→ **ABOUT THIS TASK**
If a line in the listing below includes the string "total", pull it out.

= Beginning of Section =

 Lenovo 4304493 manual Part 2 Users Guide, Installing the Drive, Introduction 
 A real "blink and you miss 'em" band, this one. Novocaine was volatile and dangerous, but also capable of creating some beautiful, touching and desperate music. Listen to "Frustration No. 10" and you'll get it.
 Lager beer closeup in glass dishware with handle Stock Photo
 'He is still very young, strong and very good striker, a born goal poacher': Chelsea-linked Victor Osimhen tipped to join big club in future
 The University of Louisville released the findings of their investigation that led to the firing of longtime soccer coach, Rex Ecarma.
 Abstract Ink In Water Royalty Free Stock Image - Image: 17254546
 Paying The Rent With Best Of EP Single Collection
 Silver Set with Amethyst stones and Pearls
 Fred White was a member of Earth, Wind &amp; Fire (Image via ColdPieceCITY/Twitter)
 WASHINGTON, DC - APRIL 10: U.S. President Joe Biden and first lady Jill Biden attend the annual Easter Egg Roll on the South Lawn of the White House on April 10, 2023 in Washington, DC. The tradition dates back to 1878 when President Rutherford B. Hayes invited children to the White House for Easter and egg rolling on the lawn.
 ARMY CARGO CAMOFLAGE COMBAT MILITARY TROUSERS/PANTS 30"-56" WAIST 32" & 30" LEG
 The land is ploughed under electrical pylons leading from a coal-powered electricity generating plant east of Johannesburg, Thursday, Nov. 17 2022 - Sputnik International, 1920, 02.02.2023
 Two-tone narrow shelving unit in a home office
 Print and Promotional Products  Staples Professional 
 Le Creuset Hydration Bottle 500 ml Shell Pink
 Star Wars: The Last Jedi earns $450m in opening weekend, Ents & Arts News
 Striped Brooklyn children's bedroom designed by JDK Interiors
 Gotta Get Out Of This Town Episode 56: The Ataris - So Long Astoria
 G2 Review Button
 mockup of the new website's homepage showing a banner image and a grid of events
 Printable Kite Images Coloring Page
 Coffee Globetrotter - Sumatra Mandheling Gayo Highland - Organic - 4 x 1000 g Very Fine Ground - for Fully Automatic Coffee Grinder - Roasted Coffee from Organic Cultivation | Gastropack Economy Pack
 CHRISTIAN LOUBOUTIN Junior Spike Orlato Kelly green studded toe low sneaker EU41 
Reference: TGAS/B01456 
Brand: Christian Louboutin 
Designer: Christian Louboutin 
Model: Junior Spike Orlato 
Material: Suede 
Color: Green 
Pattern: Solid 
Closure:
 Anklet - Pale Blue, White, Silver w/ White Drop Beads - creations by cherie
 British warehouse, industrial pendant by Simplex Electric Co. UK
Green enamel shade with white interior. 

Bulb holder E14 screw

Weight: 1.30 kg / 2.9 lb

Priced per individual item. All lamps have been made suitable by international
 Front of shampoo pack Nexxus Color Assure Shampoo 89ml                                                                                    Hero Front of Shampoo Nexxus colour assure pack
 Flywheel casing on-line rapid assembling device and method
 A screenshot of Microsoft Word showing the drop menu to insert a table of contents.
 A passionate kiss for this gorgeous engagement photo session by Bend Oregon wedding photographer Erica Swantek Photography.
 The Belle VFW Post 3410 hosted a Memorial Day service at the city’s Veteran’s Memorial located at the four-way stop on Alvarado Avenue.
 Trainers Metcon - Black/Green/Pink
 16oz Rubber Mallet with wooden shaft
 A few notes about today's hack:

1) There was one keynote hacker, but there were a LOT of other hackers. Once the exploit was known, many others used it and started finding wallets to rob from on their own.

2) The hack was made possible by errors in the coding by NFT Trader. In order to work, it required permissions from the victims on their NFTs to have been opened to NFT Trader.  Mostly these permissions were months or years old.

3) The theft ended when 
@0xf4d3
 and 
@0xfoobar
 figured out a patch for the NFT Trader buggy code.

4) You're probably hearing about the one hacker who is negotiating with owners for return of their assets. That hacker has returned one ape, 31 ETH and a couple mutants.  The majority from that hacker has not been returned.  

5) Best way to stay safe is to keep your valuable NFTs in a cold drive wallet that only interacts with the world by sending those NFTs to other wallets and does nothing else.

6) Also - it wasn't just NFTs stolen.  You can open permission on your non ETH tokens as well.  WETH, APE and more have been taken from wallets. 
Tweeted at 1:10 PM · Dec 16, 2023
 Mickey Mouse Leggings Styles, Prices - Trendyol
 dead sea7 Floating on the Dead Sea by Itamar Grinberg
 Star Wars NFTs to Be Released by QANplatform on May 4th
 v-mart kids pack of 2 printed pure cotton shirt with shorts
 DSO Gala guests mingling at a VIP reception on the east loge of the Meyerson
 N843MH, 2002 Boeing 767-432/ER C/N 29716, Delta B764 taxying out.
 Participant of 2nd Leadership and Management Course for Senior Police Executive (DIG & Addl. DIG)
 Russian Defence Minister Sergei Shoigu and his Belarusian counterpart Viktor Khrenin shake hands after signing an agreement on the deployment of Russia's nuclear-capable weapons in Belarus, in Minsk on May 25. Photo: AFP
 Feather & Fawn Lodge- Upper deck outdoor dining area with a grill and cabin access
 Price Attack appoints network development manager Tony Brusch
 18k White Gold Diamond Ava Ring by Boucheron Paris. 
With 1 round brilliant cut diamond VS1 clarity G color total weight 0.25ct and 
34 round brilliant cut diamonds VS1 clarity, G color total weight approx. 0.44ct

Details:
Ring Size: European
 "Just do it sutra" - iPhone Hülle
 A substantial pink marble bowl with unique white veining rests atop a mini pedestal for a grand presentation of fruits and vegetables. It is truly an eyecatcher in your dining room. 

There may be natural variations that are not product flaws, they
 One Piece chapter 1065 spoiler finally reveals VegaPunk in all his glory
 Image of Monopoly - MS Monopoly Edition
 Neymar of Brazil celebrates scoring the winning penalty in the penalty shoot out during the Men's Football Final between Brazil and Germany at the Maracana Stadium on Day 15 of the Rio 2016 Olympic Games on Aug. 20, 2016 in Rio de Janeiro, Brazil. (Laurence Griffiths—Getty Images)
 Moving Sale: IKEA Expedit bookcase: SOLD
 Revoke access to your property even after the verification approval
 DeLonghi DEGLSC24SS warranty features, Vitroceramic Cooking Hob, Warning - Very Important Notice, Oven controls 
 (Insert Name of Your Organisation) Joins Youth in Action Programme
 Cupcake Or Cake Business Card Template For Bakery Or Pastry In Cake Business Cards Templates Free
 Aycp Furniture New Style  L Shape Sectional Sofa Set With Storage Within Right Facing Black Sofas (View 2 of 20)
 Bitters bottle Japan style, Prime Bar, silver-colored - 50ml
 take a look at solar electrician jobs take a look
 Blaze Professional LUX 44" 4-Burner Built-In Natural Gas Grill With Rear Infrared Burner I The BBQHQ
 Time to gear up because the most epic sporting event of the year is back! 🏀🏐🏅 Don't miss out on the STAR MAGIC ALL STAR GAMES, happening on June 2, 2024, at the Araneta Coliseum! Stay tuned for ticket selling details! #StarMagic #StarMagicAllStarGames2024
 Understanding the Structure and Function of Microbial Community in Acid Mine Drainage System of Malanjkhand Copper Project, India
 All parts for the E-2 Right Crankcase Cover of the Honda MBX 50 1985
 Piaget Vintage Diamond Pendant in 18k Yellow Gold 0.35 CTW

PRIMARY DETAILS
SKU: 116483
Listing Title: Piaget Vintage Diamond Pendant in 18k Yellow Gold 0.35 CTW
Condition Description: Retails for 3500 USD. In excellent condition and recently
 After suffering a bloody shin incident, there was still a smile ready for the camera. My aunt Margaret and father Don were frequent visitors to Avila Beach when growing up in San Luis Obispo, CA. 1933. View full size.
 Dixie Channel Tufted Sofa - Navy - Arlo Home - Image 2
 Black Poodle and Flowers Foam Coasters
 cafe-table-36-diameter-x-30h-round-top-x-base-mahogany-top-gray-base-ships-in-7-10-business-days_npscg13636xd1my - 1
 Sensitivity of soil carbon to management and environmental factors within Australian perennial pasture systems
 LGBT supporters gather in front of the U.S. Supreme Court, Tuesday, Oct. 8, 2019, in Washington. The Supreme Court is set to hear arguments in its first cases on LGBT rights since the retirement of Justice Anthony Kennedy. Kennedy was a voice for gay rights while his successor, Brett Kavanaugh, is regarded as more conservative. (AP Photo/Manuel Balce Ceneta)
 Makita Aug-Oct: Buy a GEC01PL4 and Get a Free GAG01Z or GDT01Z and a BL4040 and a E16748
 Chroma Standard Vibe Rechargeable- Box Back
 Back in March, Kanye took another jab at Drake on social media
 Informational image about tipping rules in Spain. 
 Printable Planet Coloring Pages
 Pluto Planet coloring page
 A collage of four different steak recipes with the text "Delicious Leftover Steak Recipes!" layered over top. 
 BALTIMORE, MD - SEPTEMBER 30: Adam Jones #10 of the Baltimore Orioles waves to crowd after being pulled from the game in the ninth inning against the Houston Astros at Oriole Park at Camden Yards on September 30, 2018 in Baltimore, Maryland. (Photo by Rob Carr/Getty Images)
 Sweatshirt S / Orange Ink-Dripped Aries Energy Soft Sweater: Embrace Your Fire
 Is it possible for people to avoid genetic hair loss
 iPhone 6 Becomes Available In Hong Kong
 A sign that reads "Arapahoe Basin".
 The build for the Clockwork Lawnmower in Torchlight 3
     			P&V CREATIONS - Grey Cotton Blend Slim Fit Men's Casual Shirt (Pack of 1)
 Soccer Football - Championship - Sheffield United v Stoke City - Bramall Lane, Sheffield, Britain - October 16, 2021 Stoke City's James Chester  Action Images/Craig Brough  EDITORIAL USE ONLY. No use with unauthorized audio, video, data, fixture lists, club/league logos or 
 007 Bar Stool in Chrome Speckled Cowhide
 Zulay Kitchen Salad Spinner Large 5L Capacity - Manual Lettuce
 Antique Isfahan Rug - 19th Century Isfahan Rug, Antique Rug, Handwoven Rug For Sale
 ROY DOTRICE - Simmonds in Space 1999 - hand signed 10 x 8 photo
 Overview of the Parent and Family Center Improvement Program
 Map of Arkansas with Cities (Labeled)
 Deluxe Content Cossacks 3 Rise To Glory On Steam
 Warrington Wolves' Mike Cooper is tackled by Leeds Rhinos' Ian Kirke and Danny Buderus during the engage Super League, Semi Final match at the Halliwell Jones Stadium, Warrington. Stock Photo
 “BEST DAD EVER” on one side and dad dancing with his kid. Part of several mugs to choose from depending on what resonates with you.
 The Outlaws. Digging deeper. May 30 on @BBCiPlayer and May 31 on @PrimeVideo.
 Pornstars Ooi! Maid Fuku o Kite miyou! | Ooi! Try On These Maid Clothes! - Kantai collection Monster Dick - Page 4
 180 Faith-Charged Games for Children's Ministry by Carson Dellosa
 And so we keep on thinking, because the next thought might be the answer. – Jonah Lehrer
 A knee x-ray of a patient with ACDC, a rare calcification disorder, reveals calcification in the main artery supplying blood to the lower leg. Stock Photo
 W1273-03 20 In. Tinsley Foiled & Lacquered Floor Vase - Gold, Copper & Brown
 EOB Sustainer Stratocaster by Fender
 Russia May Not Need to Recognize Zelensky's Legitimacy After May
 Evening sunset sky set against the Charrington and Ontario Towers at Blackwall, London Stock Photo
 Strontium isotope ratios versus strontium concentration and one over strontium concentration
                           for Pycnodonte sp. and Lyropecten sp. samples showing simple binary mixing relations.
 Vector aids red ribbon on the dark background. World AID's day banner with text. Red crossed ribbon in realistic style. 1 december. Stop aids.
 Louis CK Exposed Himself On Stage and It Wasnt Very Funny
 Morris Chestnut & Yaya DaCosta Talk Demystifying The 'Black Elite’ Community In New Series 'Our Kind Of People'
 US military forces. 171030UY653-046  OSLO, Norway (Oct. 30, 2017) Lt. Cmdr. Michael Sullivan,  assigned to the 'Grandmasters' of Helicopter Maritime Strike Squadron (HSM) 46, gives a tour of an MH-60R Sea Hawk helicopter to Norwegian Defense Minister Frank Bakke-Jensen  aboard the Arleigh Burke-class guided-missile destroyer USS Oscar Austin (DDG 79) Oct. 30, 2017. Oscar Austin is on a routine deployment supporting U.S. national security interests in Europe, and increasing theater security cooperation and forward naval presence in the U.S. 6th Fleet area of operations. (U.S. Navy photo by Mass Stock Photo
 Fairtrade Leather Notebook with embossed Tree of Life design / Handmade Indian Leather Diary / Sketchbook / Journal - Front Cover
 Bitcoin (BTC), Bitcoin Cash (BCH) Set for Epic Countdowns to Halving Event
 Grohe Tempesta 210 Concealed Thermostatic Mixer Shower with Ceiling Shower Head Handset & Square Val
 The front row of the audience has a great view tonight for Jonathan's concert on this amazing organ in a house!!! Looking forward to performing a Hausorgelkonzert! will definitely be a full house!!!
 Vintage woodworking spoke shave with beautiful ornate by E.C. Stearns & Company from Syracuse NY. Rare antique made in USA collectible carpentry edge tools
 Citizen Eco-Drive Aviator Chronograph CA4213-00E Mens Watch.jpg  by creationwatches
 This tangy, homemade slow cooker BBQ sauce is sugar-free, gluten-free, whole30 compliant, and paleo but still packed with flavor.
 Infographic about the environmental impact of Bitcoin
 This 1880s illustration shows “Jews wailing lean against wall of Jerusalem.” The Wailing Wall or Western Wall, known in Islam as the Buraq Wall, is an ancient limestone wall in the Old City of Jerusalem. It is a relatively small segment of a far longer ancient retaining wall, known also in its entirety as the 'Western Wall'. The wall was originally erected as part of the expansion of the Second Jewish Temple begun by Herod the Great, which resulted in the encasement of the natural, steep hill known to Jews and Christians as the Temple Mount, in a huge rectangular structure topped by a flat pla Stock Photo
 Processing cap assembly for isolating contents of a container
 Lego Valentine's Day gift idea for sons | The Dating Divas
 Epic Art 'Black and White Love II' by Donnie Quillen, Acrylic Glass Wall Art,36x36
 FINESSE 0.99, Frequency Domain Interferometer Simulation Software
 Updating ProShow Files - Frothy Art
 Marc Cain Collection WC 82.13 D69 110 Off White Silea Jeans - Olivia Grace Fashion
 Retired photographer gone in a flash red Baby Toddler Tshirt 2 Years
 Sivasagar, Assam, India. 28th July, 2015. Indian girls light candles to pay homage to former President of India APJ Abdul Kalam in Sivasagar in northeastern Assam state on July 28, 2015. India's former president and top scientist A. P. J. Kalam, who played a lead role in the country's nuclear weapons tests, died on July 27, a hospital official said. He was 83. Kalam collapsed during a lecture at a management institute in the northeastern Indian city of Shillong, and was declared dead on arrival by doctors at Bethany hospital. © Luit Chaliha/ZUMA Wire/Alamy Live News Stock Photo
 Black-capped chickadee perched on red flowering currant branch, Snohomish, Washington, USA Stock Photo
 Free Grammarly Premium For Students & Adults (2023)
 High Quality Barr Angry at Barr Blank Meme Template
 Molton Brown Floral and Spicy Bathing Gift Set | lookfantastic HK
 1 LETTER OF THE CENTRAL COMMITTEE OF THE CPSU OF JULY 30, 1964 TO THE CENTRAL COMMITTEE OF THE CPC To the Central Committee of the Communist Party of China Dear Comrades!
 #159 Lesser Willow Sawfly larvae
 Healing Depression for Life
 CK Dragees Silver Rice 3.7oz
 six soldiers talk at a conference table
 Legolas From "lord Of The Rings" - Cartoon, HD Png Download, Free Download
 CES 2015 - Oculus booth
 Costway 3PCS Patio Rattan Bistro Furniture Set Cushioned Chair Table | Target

= End of Section =

→ **ANSWER TO THE PROBLEM**
With 1 round brilliant cut diamond VS1 clarity G color total weight 0.25ct and 
34 round brilliant cut diamonds VS1 clarity, G color total weight approx. 0.44ct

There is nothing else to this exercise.